The government wants to open up the legal market and give consumers more choice by lifting restrictions that prevent solicitors from working in business structures that include non-lawyers.

Sounds familiar? Not when I tell you that the government’s plans were almost derailed last week by high street solicitors. That’s because the government in question is the Scottish government; this has nothing to do with England and Wales.

Except that it does. If Scottish solicitors are not permitted to raise capital and offer the range of services that their competitors south of the border will be able to provide in 18 months’ time, the big Scottish firms will either have to re-register in England or risk being swallowed up by English law businesses – with serious consequences for the Scottish economy.

As you would expect from a country that has preserved its own legal system despite three centuries of union with England and Wales, nothing is ever quite the same in Scotland. There will be no super-regulator equivalent to the Legal Services Board. The Law Society of Scotland will be the only approved regulator unless other professional bodies seek approval direct from the Scottish government.

And the Faculty of Advocates – with fewer than 500 members – wants no part in alternative business structures. This seems acceptable to a nationalist government that cherishes Scotland’s pre-union institutions.

Since there was no ‘regulatory maze’ in Scotland, it’s possible that nothing would have changed if a new framework for England and Wales had not been recommended by Clementi in 2004.

But the consumer group Which? submitted a ‘super-complaint’ about Scottish law firms to the Office of Fair Trading and the Scottish government gave its backing to reforms as long ago as September 2007. Then the Law Society of Scotland came out in favour of permitting alternative business structures two years ago and the policy was approved at its annual general meeting in May 2008.

After a consultation paper early last year, the Scottish government introduced a bill in September 2009. This is now at a crucial stage in the Scottish parliament at Holyrood.

A week before Christmas, concerns were raised about the bill by the Scottish Law Agents Society, the country’s largest voluntary association of solicitors. Older than the Law Society of Scotland, the Law Agents draw more of their 1,500 members from high street solicitors and small firms than from the big commercial practices in Glasgow and Edinburgh. In an internal poll, these members had voted against alternative business structures and even more heavily against external ownership of legal practices.
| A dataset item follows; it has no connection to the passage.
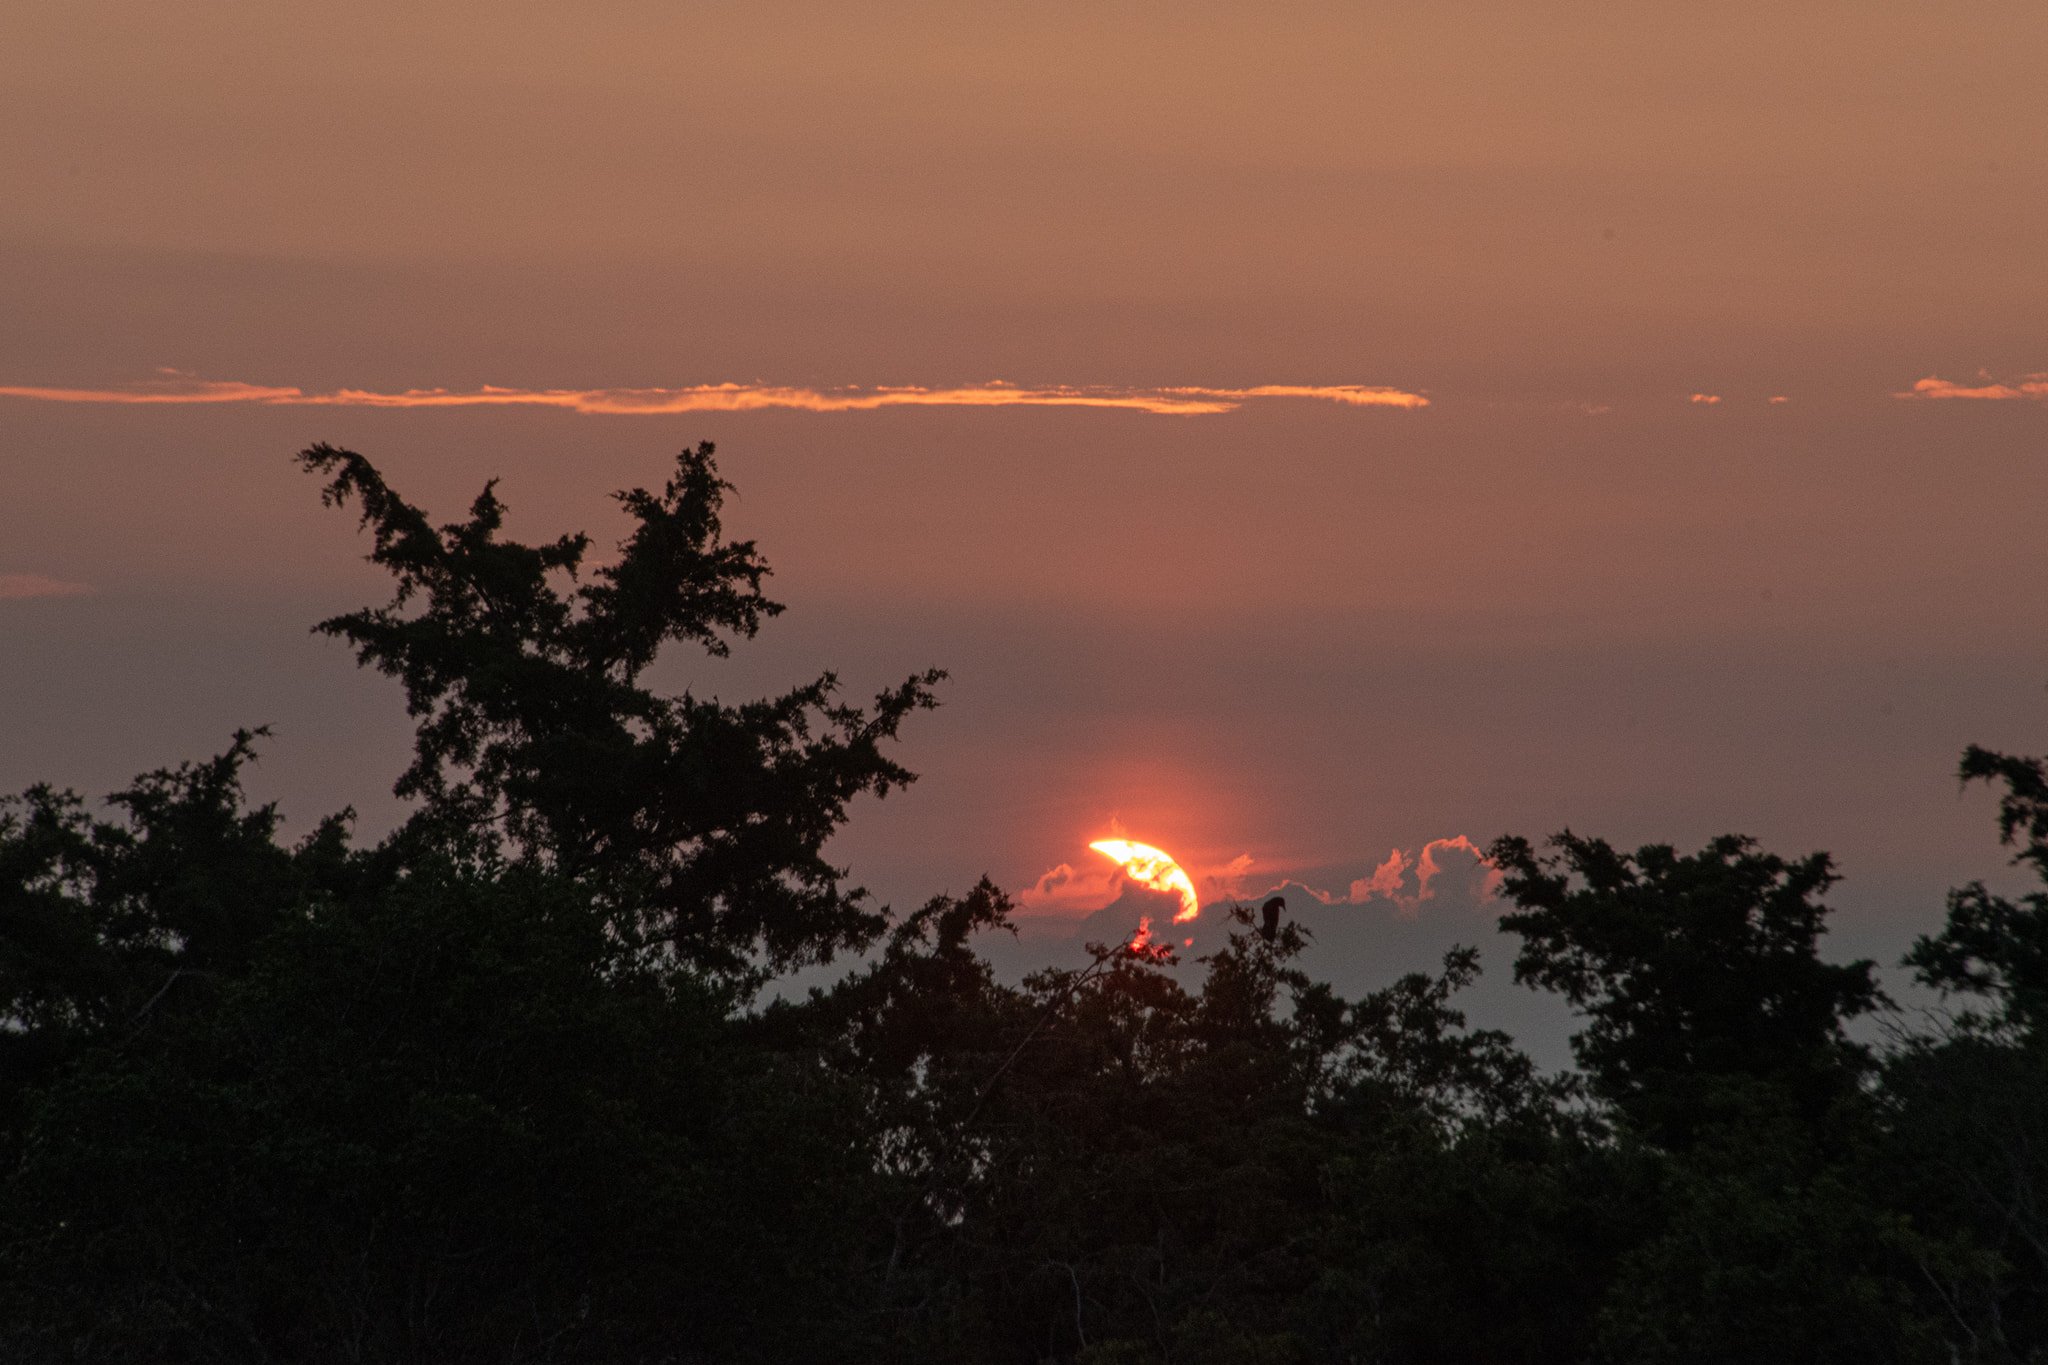 A partially eclipsed sun is visible behind clouds as it rises in the morning.

It was the Law Agents who called a special general meeting of the Law Society of Scotland last Thursday, hoping it would ask the Scottish parliament to reject external ownership of solicitors’ firms. The solicitors met at Murrayfield stadium – I rather hoped on the rugby pitch, though a conference room proved quite sufficient.

But why had the Law Agents left it so late? Michael Sheridan, their secretary, told me that solicitors had not realised until May 2008 that the Law Society had changed direction the previous autumn. Even then, most of them did not grasp what was happening. ‘Traditionally, the real profession ignores its AGMs’, he said.

But the alarm bells began to ring when Scotland suddenly lost its banks. And it was only when the Law Agents saw the wording of the bill that they realised the risks to clients from defaulting investors.

The delay in calling last week’s meeting led to some bemusement at the Law Society’s elegant offices in Edinburgh. President Ian Smart pointed out that the Law Agents’ request for a special general meeting was dated 22 December: ‘They didn’t hand it in until 25 February.’ By then, the main parliamentary process was almost complete. ‘This is not the 59th minute of the 11th hour,’ he said. ‘It’s five minutes past midnight.’

The delay also gave the Law Society plenty of time to outflank its critics – even though the Law Agents had enough proxy votes to carry a special general meeting. On 5 March, the Society announced that all its 10,500 members would be invited to vote in a referendum on its policy of permitting alternative business structures.

The ballot closes after Easter and, so long as the commercial firms can get their vote out, the Law Society policy is likely to win approval. Meanwhile, the Society succeeded in having last Thursday’s meeting adjourned – after extensive discussion but before a substantive vote.

But that does not mean the Law Society had everything its own way. By all accounts, the meeting was a chastening experience for its president, himself a local solicitor in Cumbernauld. Smart said afterwards that the two sides were not as far apart as it had seemed before the meeting. ‘The decision to adjourn was taken in the hope that we might yet reach agreement on a way forward that is acceptable to the vast majority of our membership,’ he said.

This is, of course, the debate that Scottish solicitors should have had two years ago. It is likely to lead to some sort of compromise on the extent of external ownership. But any such deal will have to be acceptable to the Scottish parliament and the Office of Fair Trading.

For the Law Agents, Sheridan was sounding bullish at the end of last week. ‘We have taken control of the issue,’ he said. ‘The line is external ownership and we will not cross that line.’

But with everything left to play for, there is a moral for membership organisations everywhere: listen to your members – even if they remain silent.